Parallel Processing vignette

curso-r / treesnip

Parsnip backends for `tree`, `lightGBM` and `Catboost`

https://curso-r.github.io/treesnip

GNU General Public License v3.0

85 stars 13 forks source link

Parallel Processing vignette #21

Open topepo opened 3 years ago

topepo commented 3 years ago

I would suggest that, when using tune, the standard foreach parallelism be suggested and the model-specific threading methods be used if just parsnip is being used to fit.

Generally, parallelizing the resamples is faster than the individual models (see xgboost example). We always try to parallelize the longest running loop.

Athospd commented 3 years ago

Hey, Max, glad to see you here. I was writing about forking and then I decided to perform a benchmark to enrich the vignette. I was expecting to corroborate your findings but I ended up with counter-intuitive results.

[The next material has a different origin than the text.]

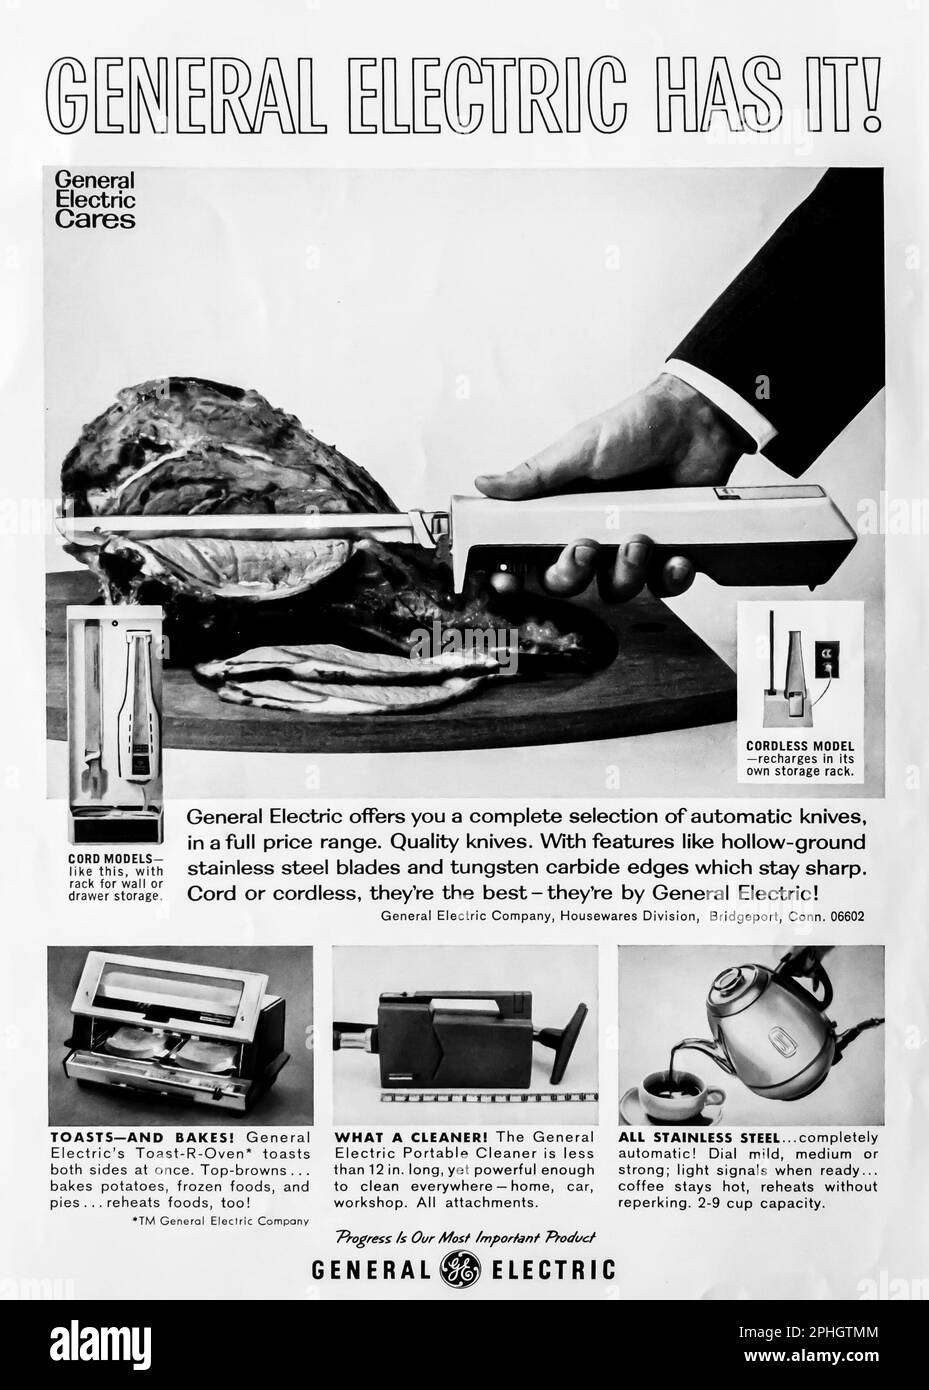 Publicité sur les appareils électroniques General Electric dans un magazine NatGeo juin 1966 Banque D'Images

tl;dr: pure forking or pure threading wasn't the best: 2 threads with 4 workers was the fastest setup.

see here https://curso-r.github.io/treesnip/articles/threading-forking-benchmark.html

Do you think that it is worth it to consider these combinations? Or is it better to stick with the simple rule of thumb (tune -> forking; fit -> thread)?

topepo commented 3 years ago

That's really interesting! TBH I',m surprised that a combination like that works at all. Can you make a plot of the x-axis as the speed-up (seq time/par time)?

I might run some of these too locally this weekend.

Athospd commented 3 years ago

@topepo I'm running more benchmarks here and I think I spotted a potential issue you might want to check yourself to confirm: when I set vfold_cv(v = 3) only 3 workers were used even with tune_grid() set to fit lots of different models. And when I set to vfold_cv(v = 8) I watched all my 8 cores 100%. My hypothesis is that tune_grid() is forking only on the folds loop.

gregleleu commented 3 years ago

Hi, I'm using doFuture/doRNG parallel processing for my tidymodels workflows (for tuning), with other engines (apparently I need to load doFuture before using doRNG, but I'm still trying to check that):

library(doFuture)
registerDoFuture()
plan(multisession)

doRNG::registerDoRNG()

It fails when using treesnip with catboost. I get an error: Error in pkg_list[[1]]: subscript out of bounds. This is because catboost and treesnip are not loaded on the workers (I can't fork because of Rstudio, and there is a consensus you shouldn't fork from Rstudio). It works when I "register" the dependencies manually (see https://github.com/tidymodels/tune/issues/205):

set_dependency("boost_tree", eng = "catboost", "catboost")
set_dependency("boost_tree", eng = "catboost", "treesnip")

It could useful to either document that somewhere for people or maybe there is a place where you can include the set_dependency commands.